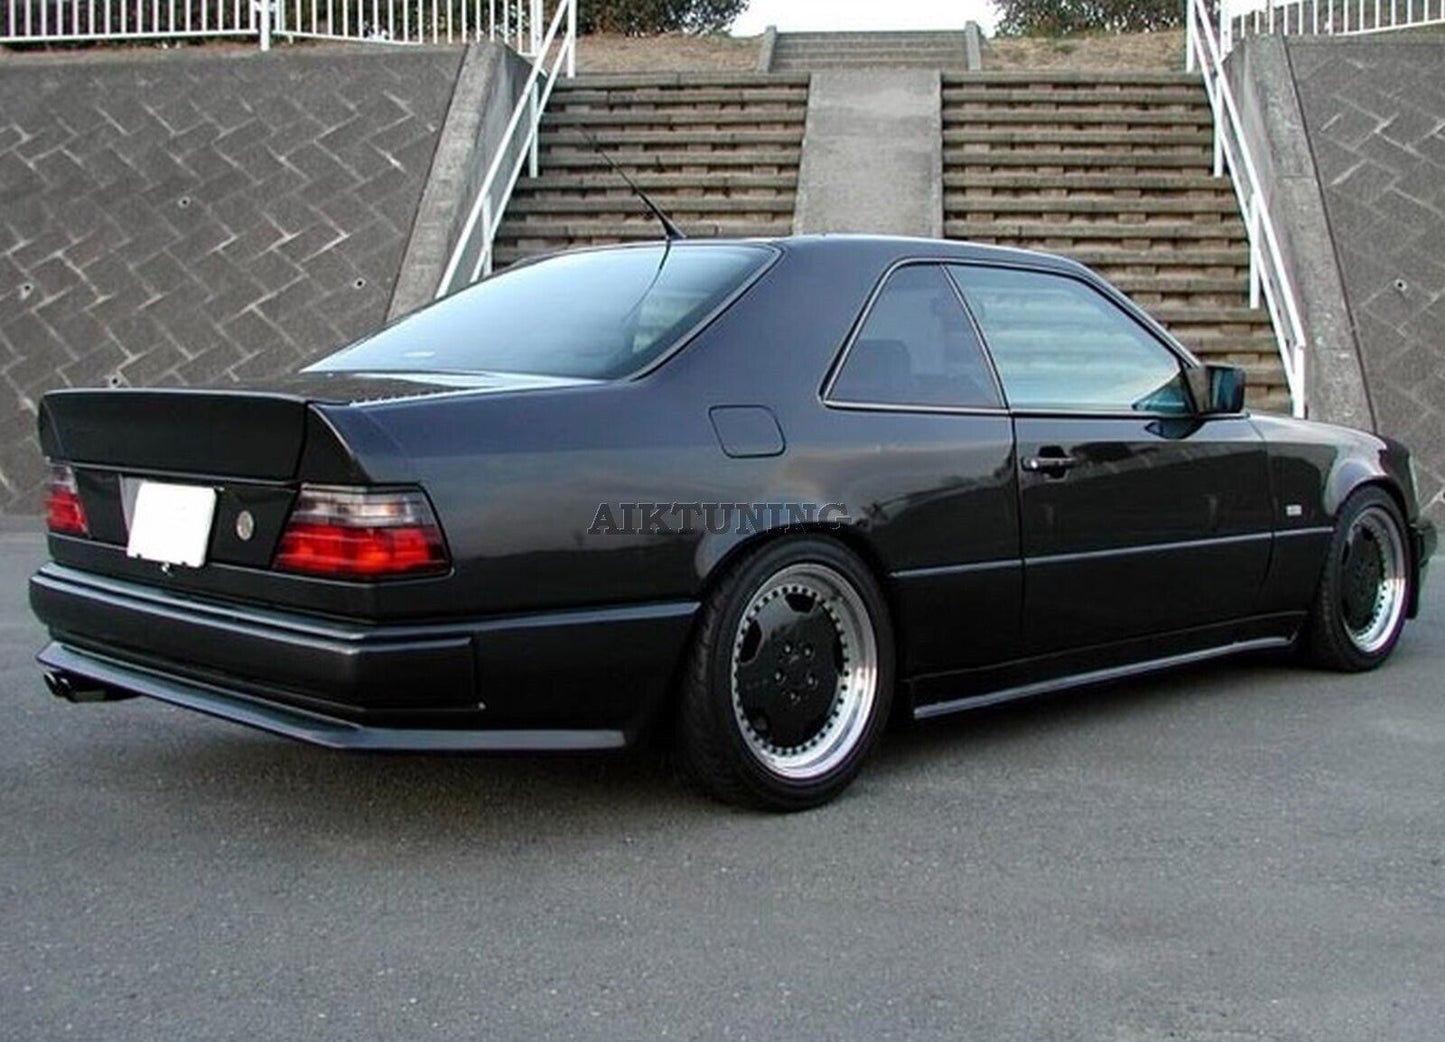 Full Body Kit Gen 2 Coupe (Fits All Mercedes Benz W124 Coupe AMG)
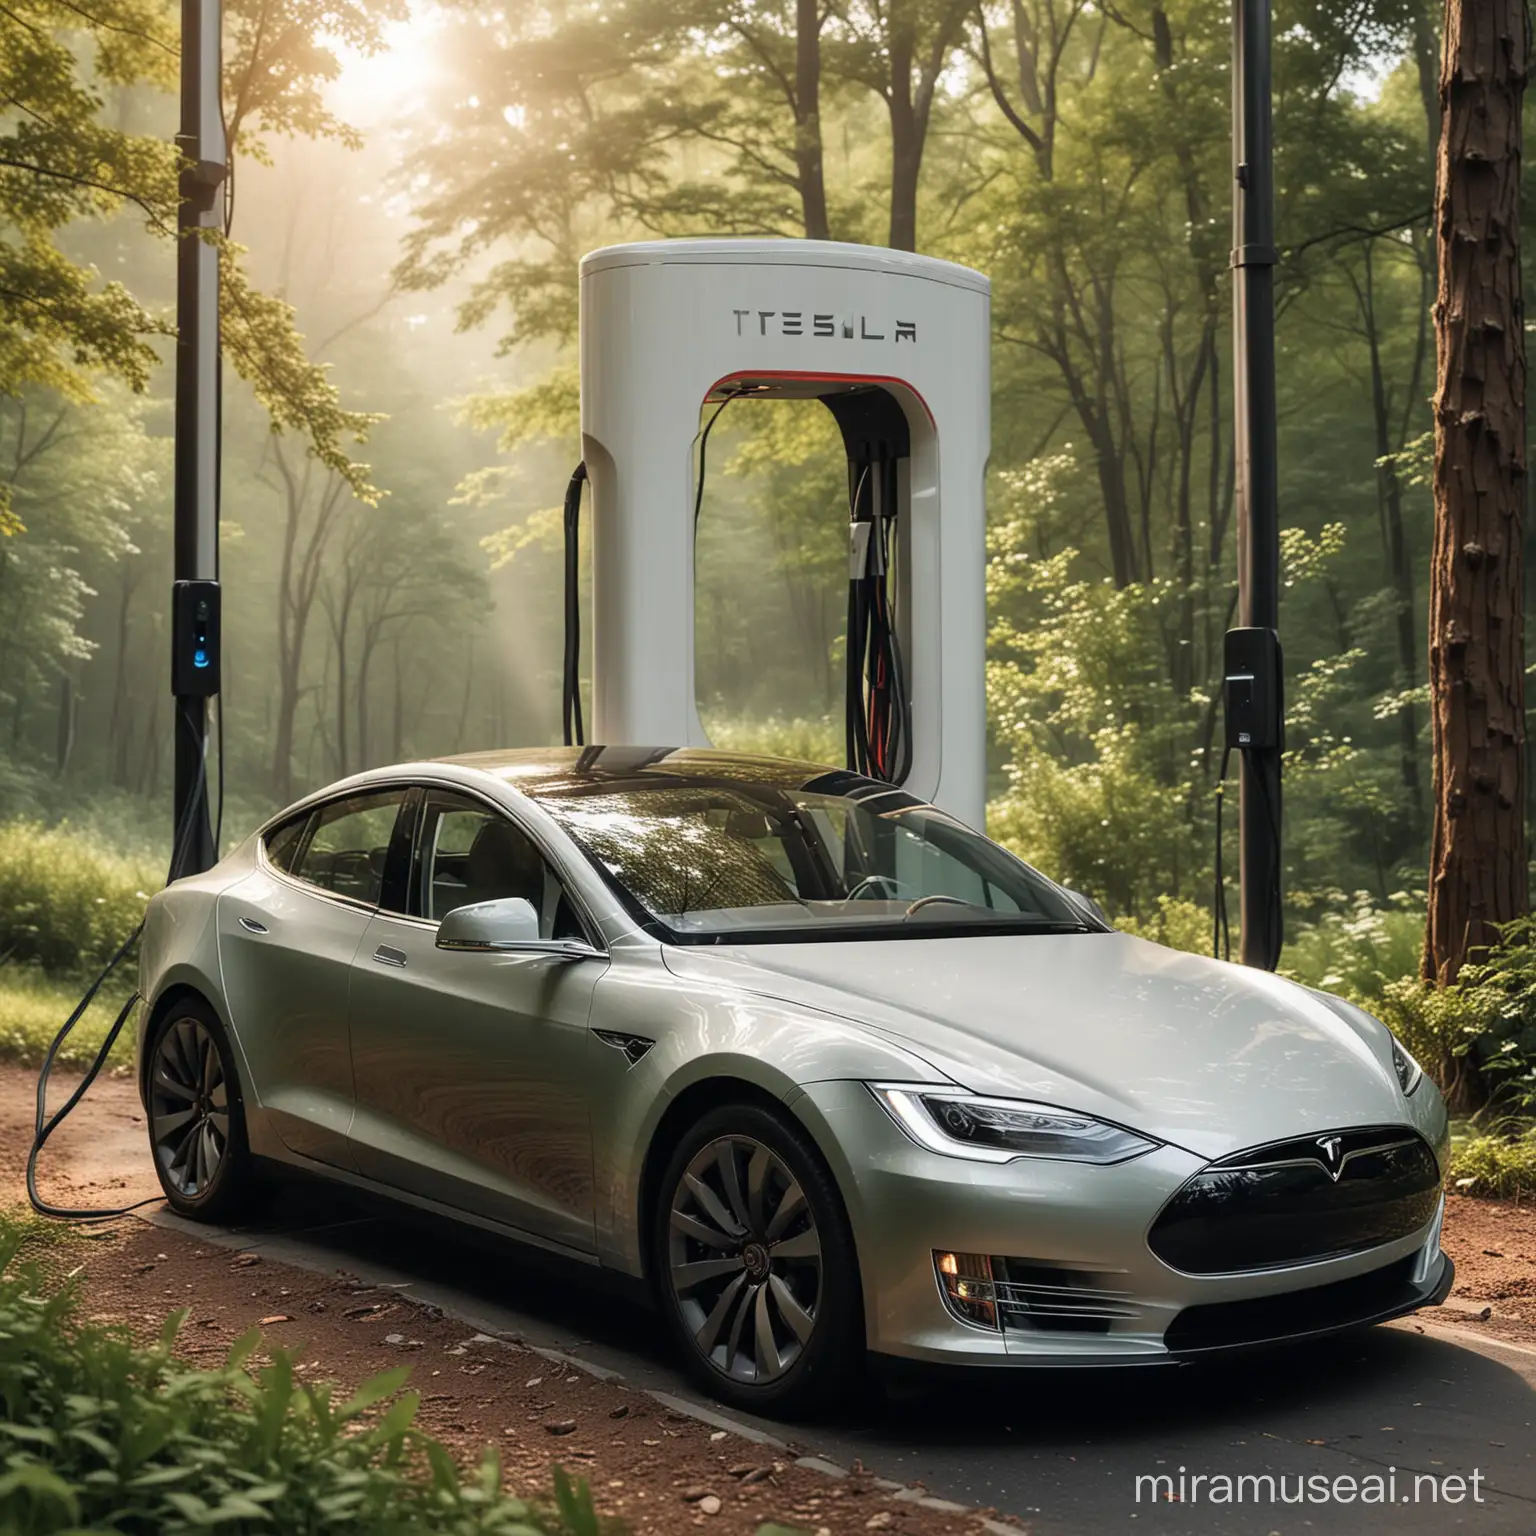 Create me image of tesla car chargin in nature with eco friendly look in mind
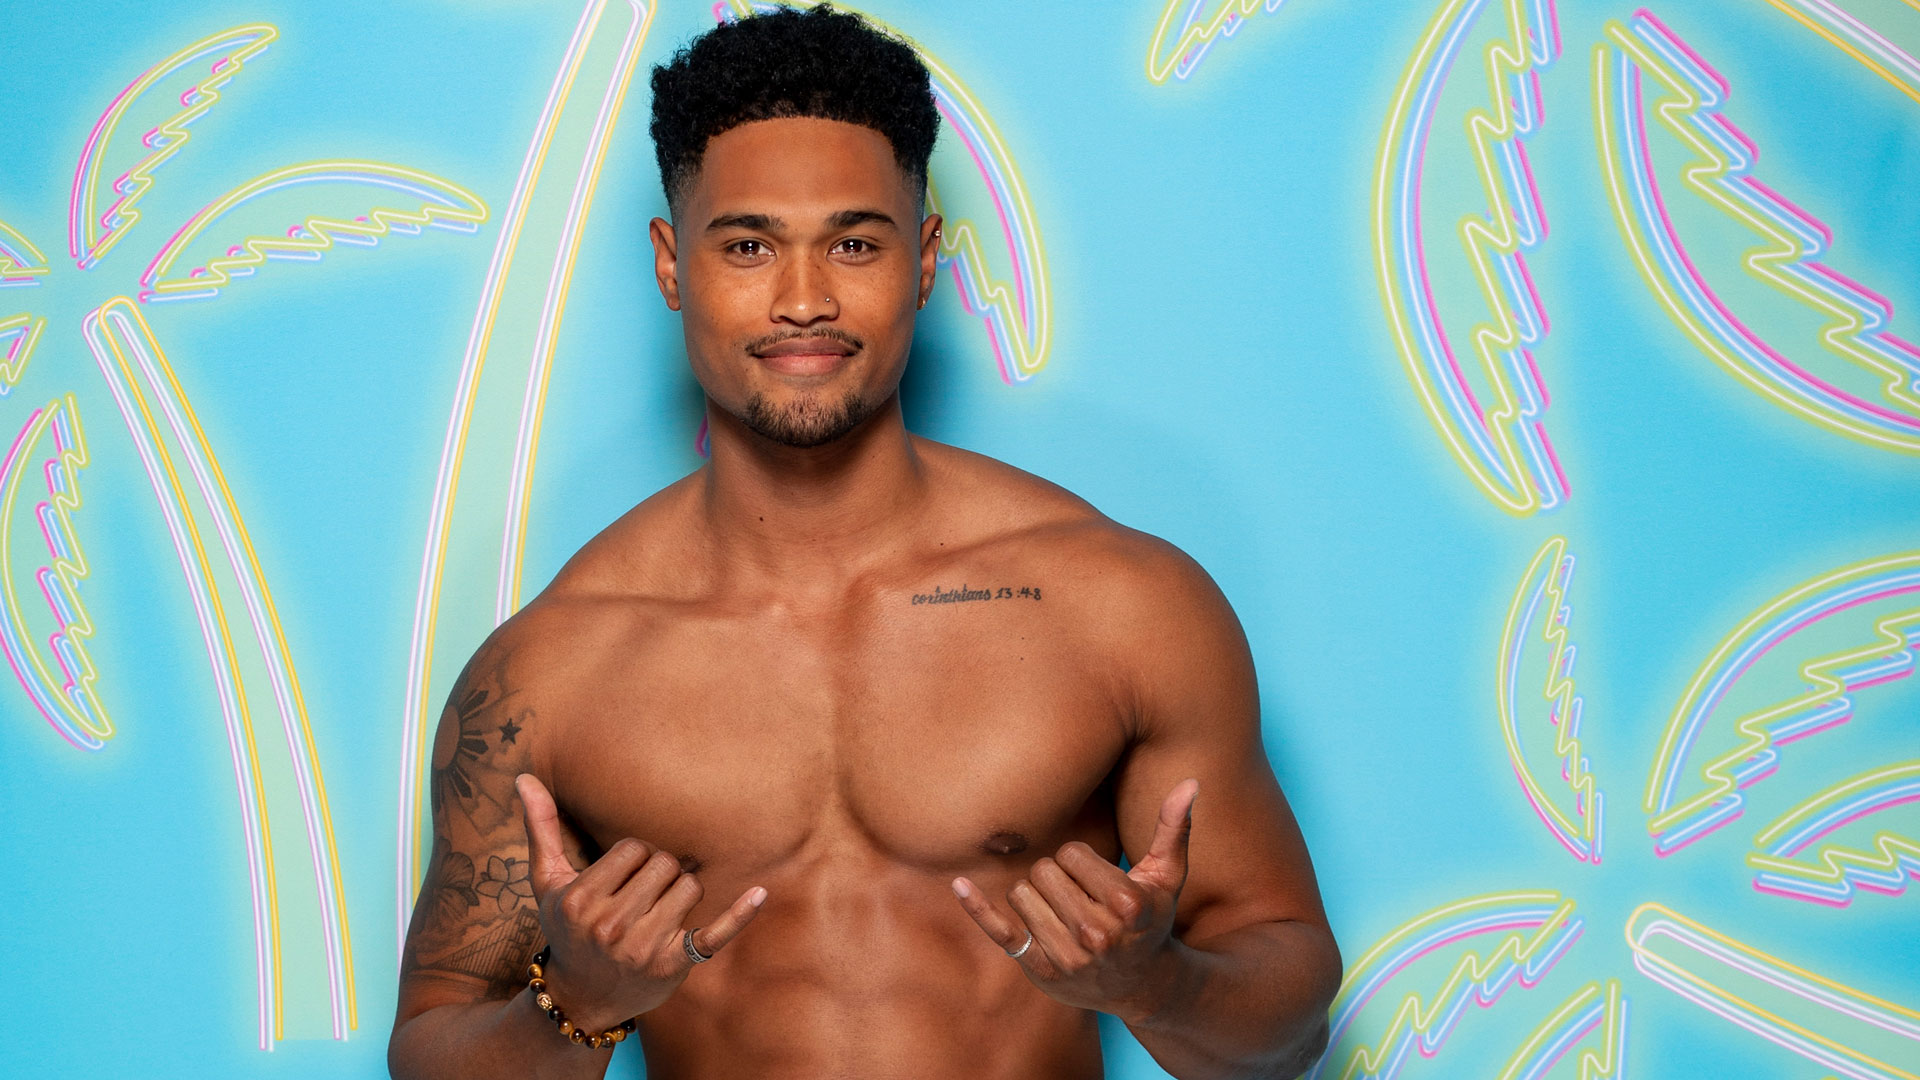 Love island us 2020 starts on itv2 tonight, with a whole new cast of island...
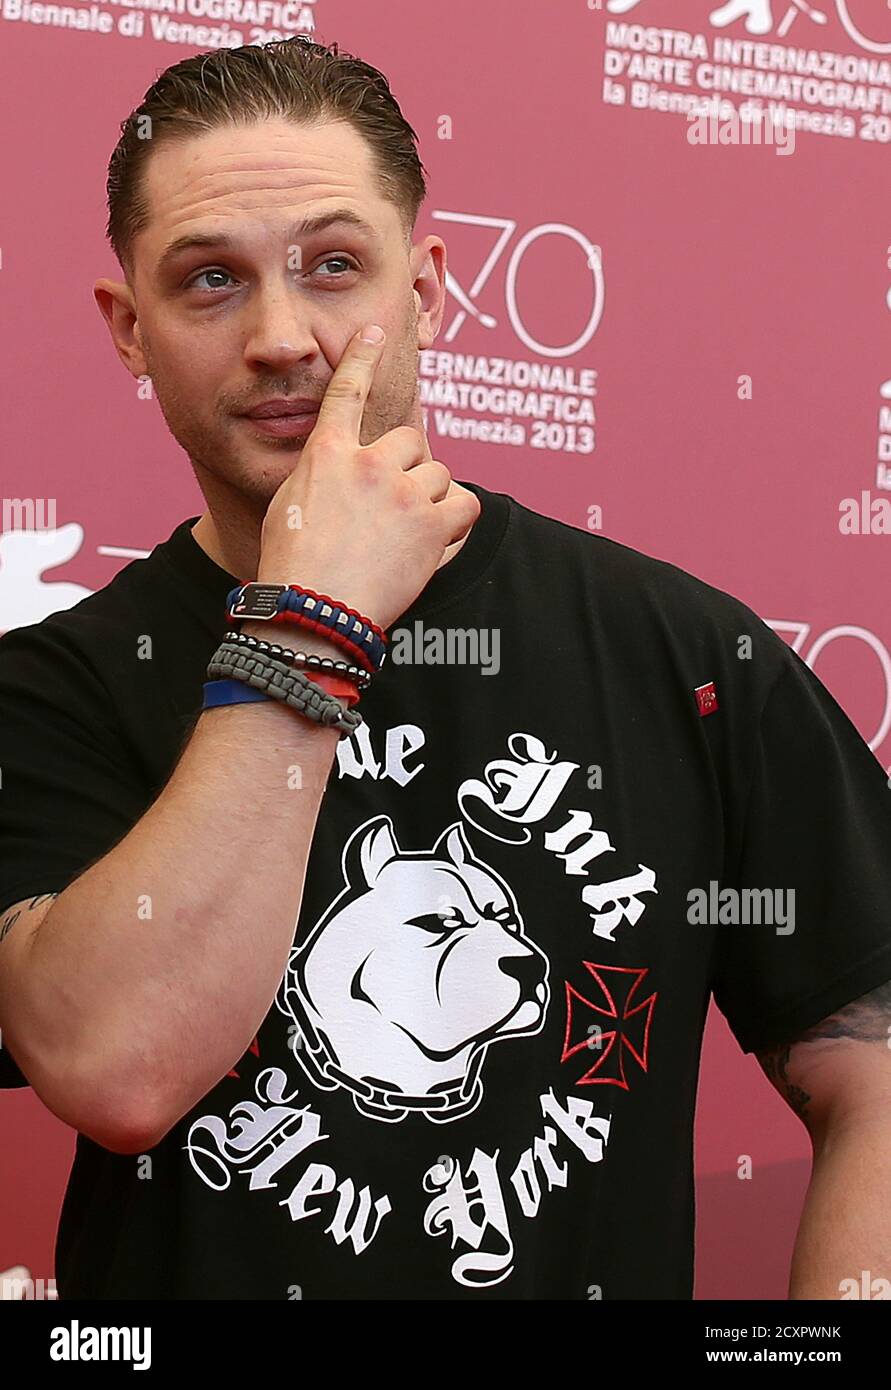 Cast member Tom Hardy scratches his face during a photocall for the movie 'Locke', directed by Steven Knight, during the 70th Venice Film Festival in Venice September 2, 2013. REUTERS/Alessandro Bianchi (ITALY - Tags: ENTERTAINMENT) Stock Photo
——————
:: PROBLEM TO SOLVE ::
Word for word, repeat only the lines from the line containing "Love island us" through the end of the data, without any pictures.

:: ANSWER FOR THE TASK ::
 Love island us 2020 starts on itv2 tonight, with a whole new cast of island...
 Cast member Tom Hardy scratches his face during a photocall for the movie 'Locke', directed by Steven Knight, during the 70th Venice Film Festival in Venice September 2, 2013. REUTERS/Alessandro Bianchi (ITALY - Tags: ENTERTAINMENT) Stock Photo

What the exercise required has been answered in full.